# DIY background questions



## seamount (Jul 3, 2014)

I am half-way through dry-locking my background and I have two questions

1. I have very deep and narrow cuts into my foam an I am having some trouble getting all of the drylock down there. What happens if the foam is not 100% covered in drylock? Will it absorb water and fall apart? Leach something weird? I think that it is going to be inevitable that there are not some pin head sized gaps in the drylock.

2. If I allow the drylock to dry 24 hours, can I silicone the BG into the tank and let that dry while the drylock is drying?


----------



## Deeda (Oct 12, 2012)

You can pour the Drylok into the narrow cuts and then tip the background to remove the excess. It's possible you may notice any non coated surfaces once the background is in place.

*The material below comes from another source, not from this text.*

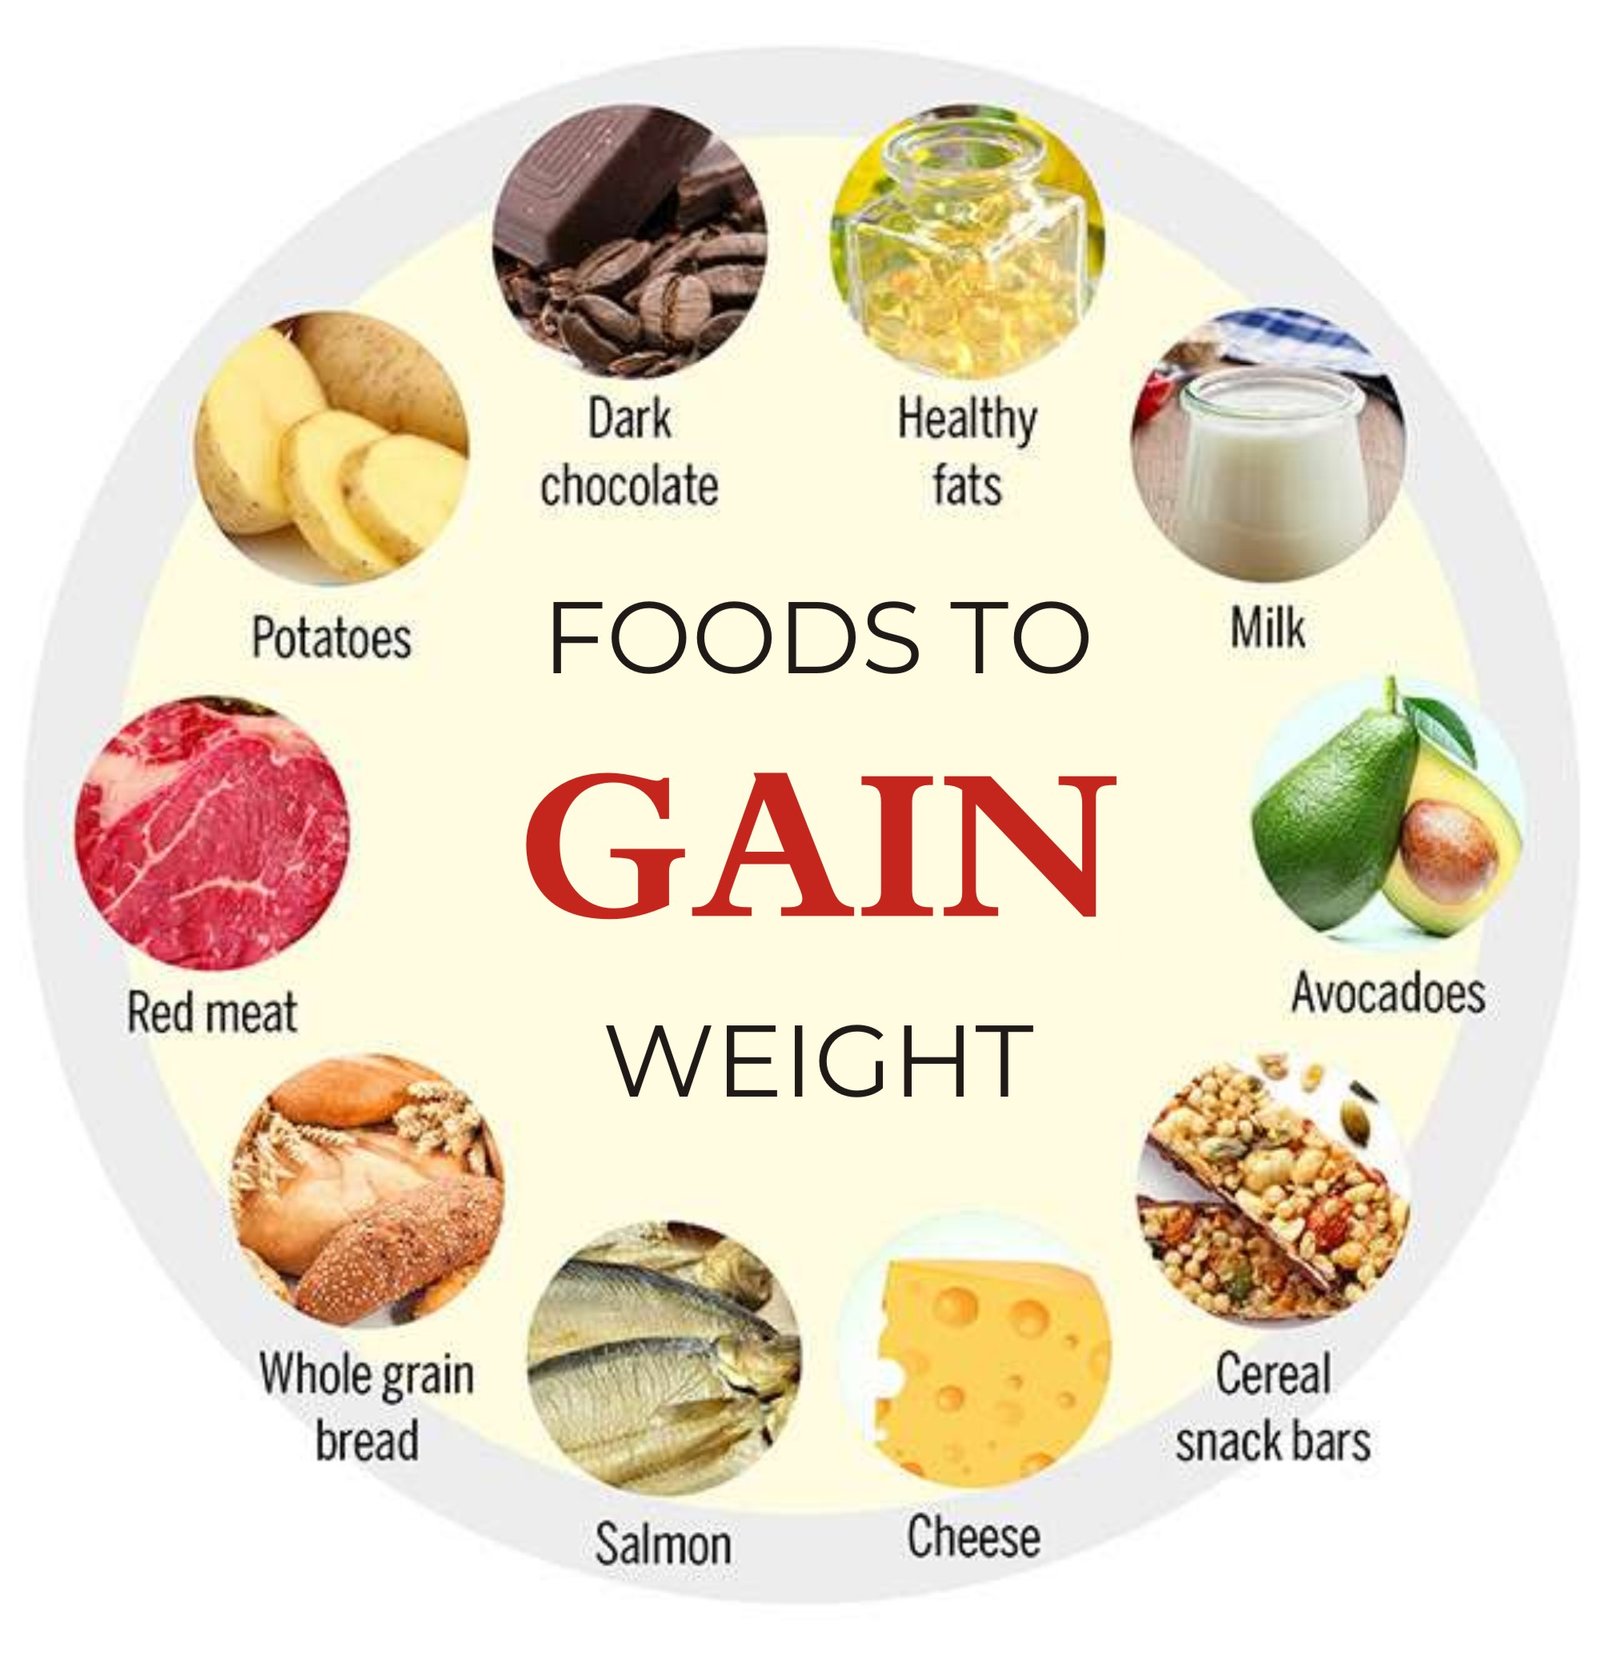 Foods to gain weight

I suggest making sure the Drylok is completely dry before installing it in the tank, especially along the edges.


----------



## seamount (Jul 3, 2014)

and if there are non coated areas? What would happen?


----------



## Mcdaphnia (Dec 16, 2003)

seamount said:


> and if there are non coated areas? What would happen?


It depends on the type of foam. Some will start disintegrating and will float out in small plastic balls. Some will use that spot as a place to delaminate the Dyrlok and the Styrofoam. Chances are nothing will happen, at least for a while. It's unlikely you used Styrofoam with added chemicals that could harm fish.


----------



## seamount (Jul 3, 2014)

I used the pink stuff from home depot. Ill try my best to coat it. hopefully it wont delaminate


----------



## theboothsociety (Jan 3, 2012)

I used the pink stuff, and the entire back is uncoated. There should be many layers of dry lock on the front to coat the whole thing and make it hard. I know many people who have exposed pink foam in there tanks from coming apart over time with no ill effects. However on my BG, the back is exposed, but not to water. I siliconed the back to the tank, then I siliconed along the bottom and top seam, so NO water goes behind my BG. But if you're putting heaters and filters behind the BG, you obv need water to flow behind and through the BG. There is also a product called Pond Armor (home depot) a little expensive but it makes a hard clear coat on top of the dry lock to protect it from chipping away.


----------



## natpodu77 (Jul 18, 2014)

Hello, for those of you using drylok on top of pink foam, how did you adjust your measurements for the tank, did you cut to fit the exact measurements of the tank, or take an inch or half an inch off on the sides to make up for the buildup of the drylock on the foam? :-?


----------



## seamount (Jul 3, 2014)

Yes I took about an inch off on one side. Carved out my design, and then cut the entire background into three pieces so I could get it ino the tank. After coating it, I think it really only expanded like 1/4 I an inch. Not much


----------



## Mcdaphnia (Dec 16, 2003)

Expanding a piece of glass is a lot. If the foam bends the glass....


----------



## seamount (Jul 3, 2014)

expanding the glass? Im just talking about how much girth the drylock adds to the foam


----------



## Mcdaphnia (Dec 16, 2003)

seamount said:


> expanding the glass? Im just talking about how much girth the drylock adds to the foam


I thought you were referring to the expansion of the foam after it hardens. I had to repair two 75 gallon tanks with half inch thick glass after someone else put a Great Stuff background into them. Once the foam hardened, it continued to expand, breaking through the end glass in one tank, and snapping the back glass in the other.


----------



## seamount (Jul 3, 2014)

dang that sounds like a nightmare


----------



## theboothsociety (Jan 3, 2012)

the dry lock does add some thickness to the background. you should be good with an inch. id suggest not dry locking or at least not heavily in the areas where it goes together, otherwise it won't fit together as seamlessly. I siliconed all my pieces together in the tank with black silicone and then touched up the seams with dry lock once siliconed into the tank.


----------